- Data segment -
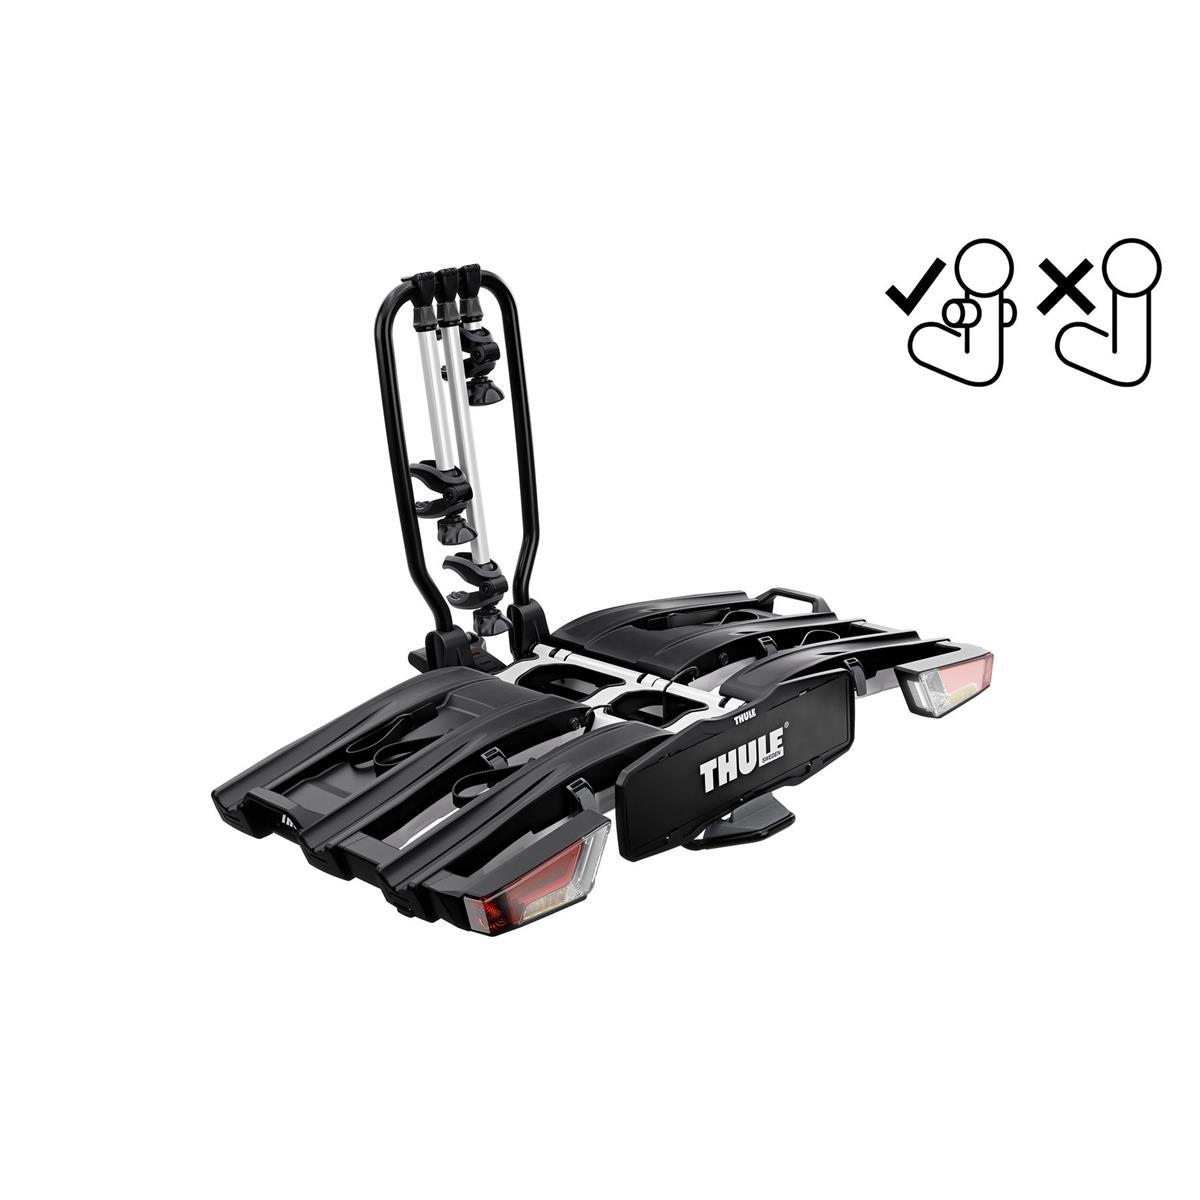 Portabici Posteriore per Gancio Traino EasyFold XT 966 Fix4Bike per Tre Biciclette
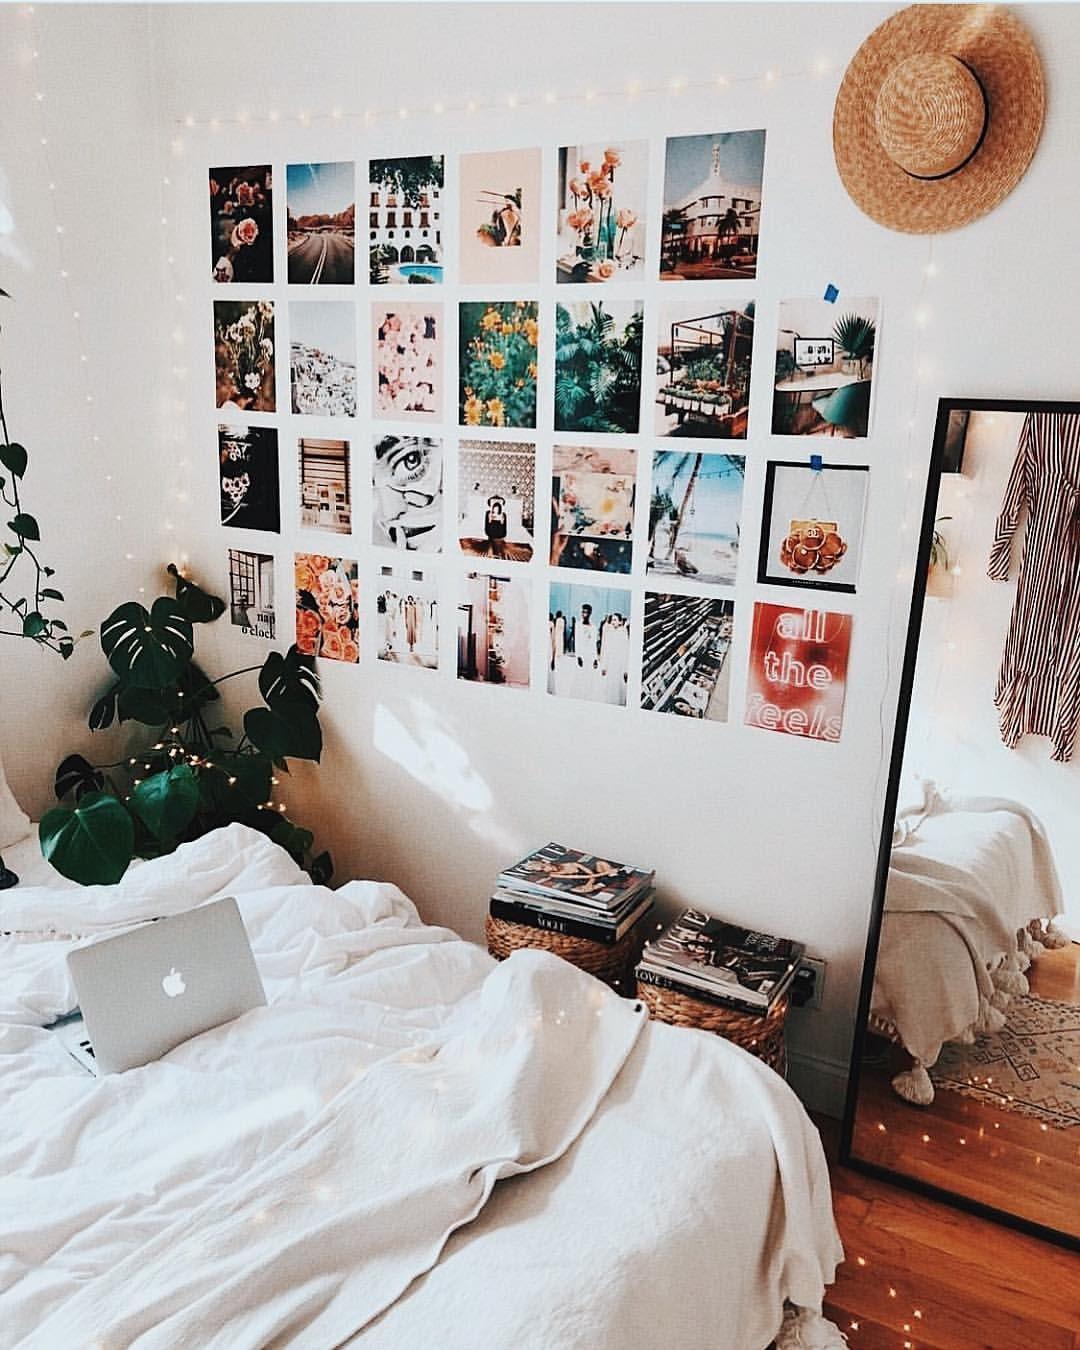 Perfekte Idee Für Dein WG Zimmer: Schöne Poster Oder Postkarten  Schachbrettartig An Die Wand
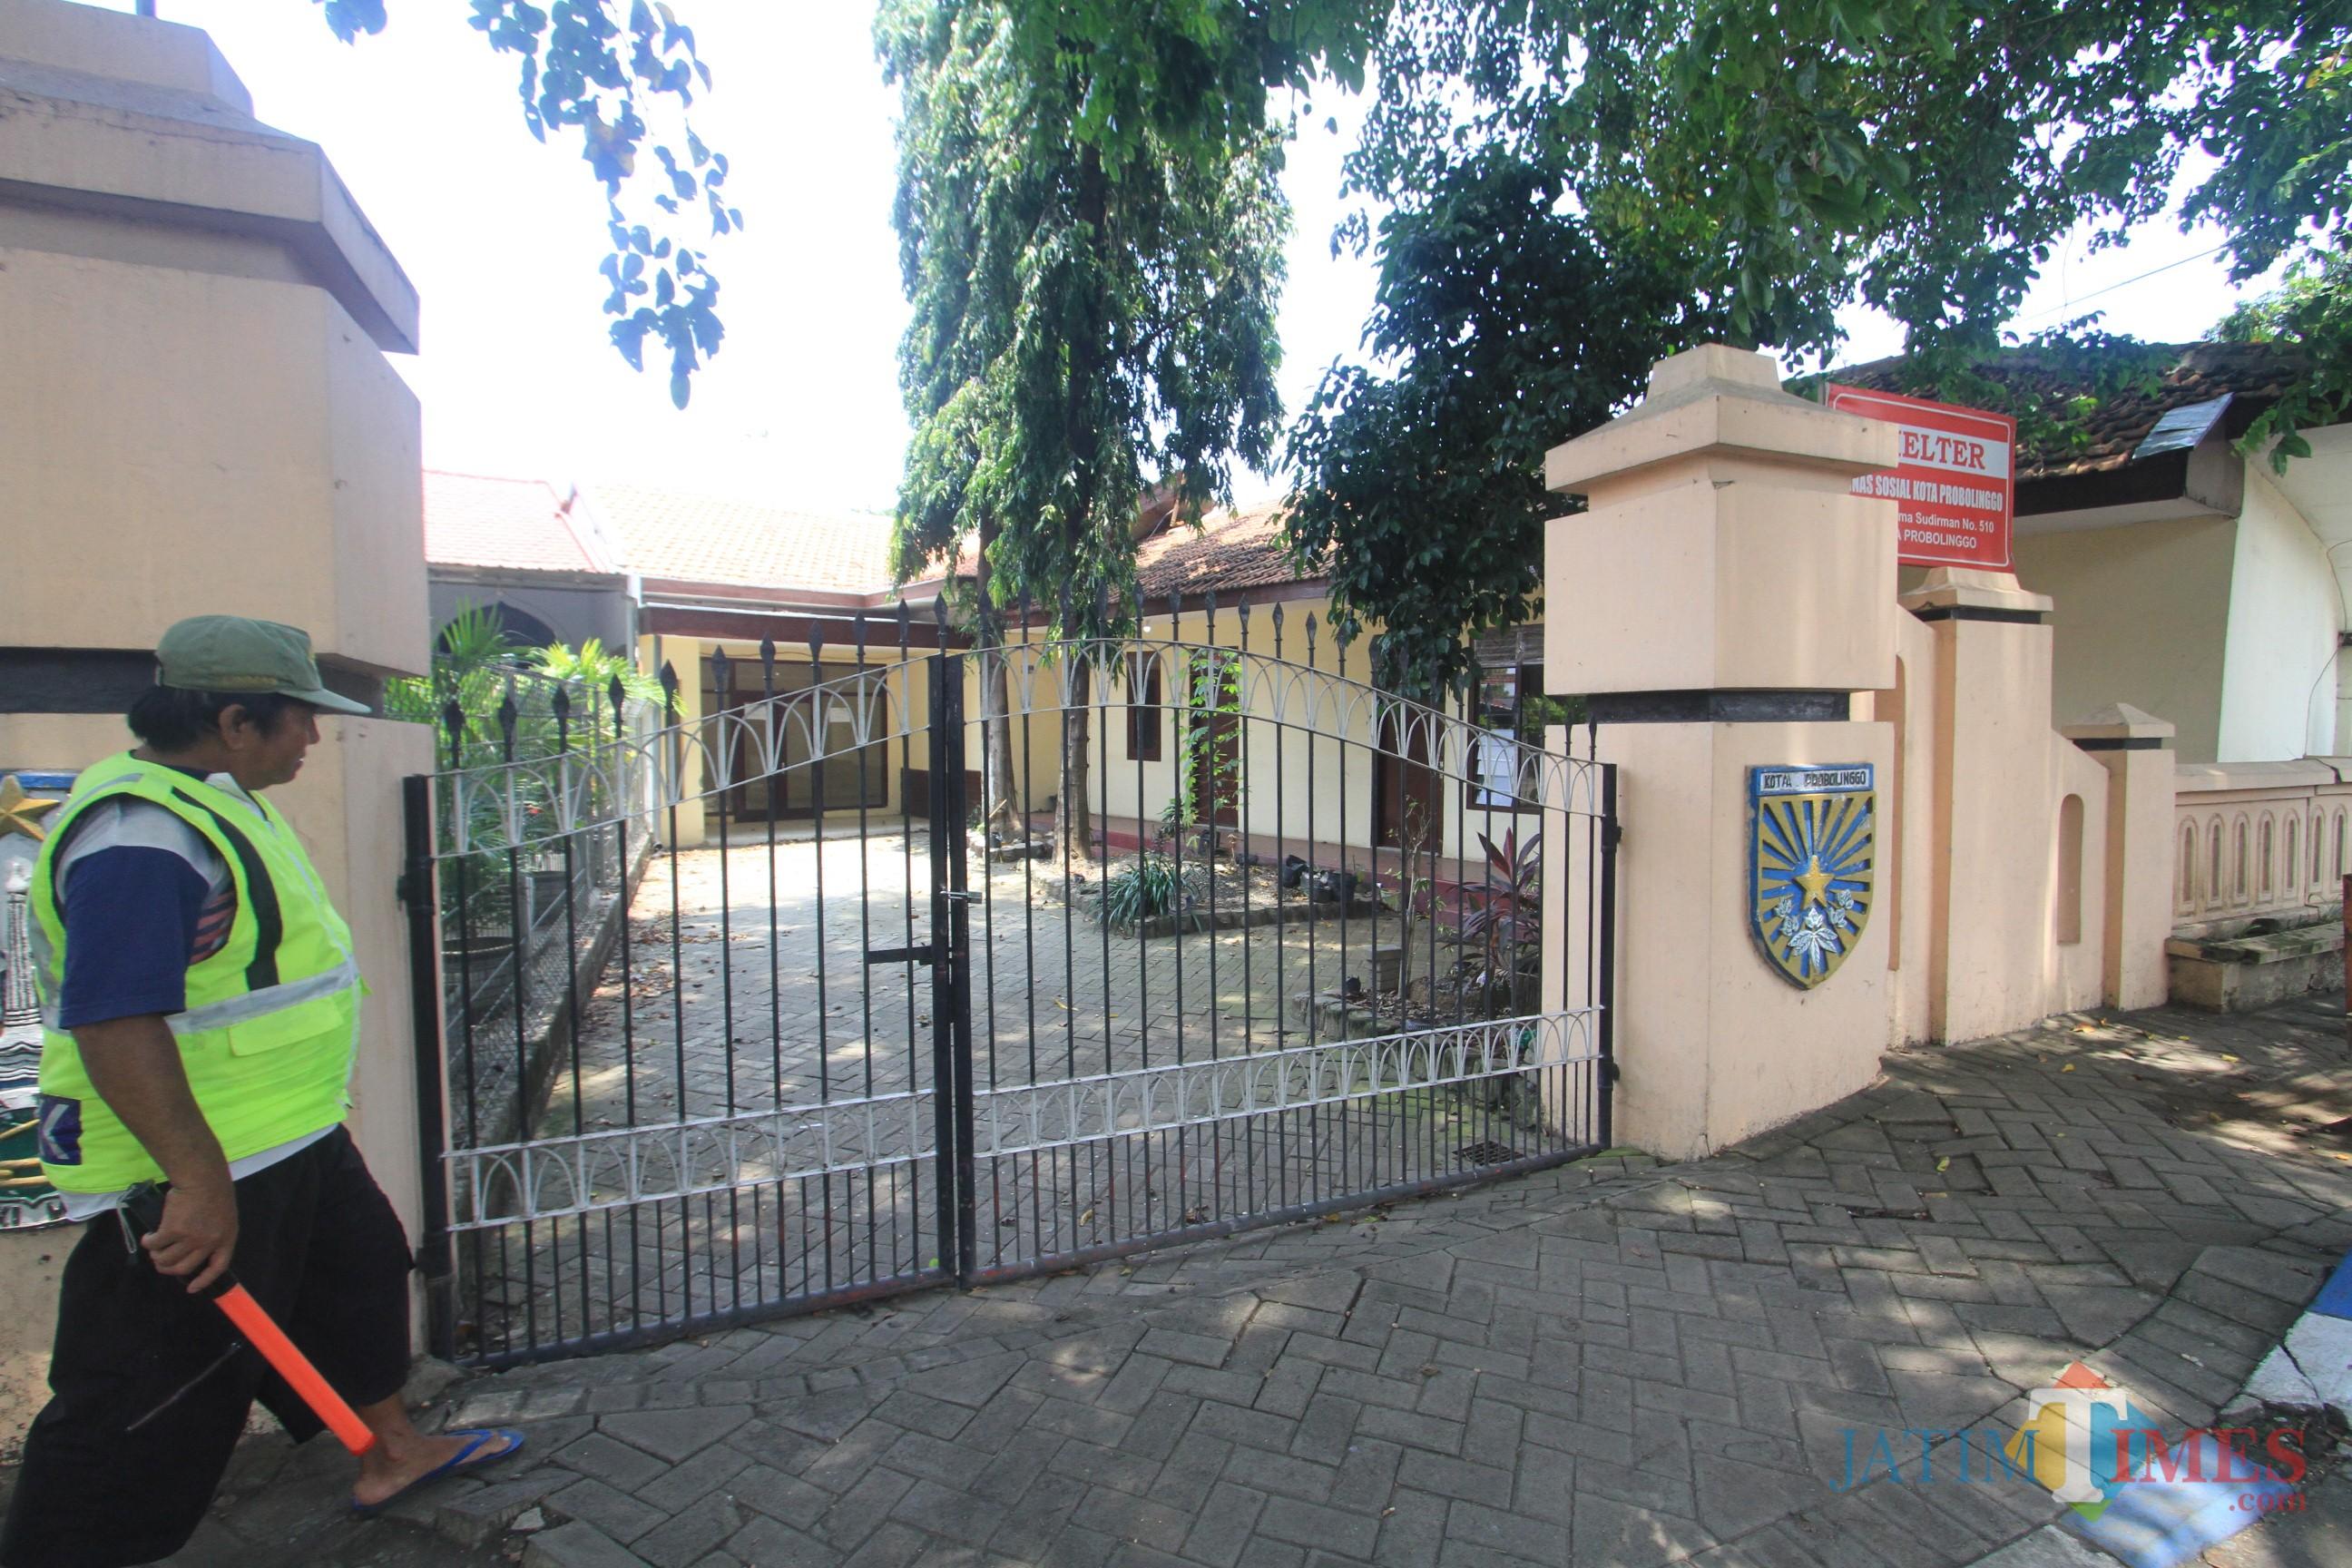 Shelter di Jalan Panglima Sudirman sudah tidak ditempati oleh Dinsos.  (Agus Salam/Jatim TIMES)

- Brief -
Extract exactly the lines above from the line containing "Perfekte Idee Für" through the last one, both ends included, but not the pictures.

- Exercise answer -
 Perfekte Idee Für Dein WG Zimmer: Schöne Poster Oder Postkarten  Schachbrettartig An Die Wand
 Shelter di Jalan Panglima Sudirman sudah tidak ditempati oleh Dinsos.  (Agus Salam/Jatim TIMES)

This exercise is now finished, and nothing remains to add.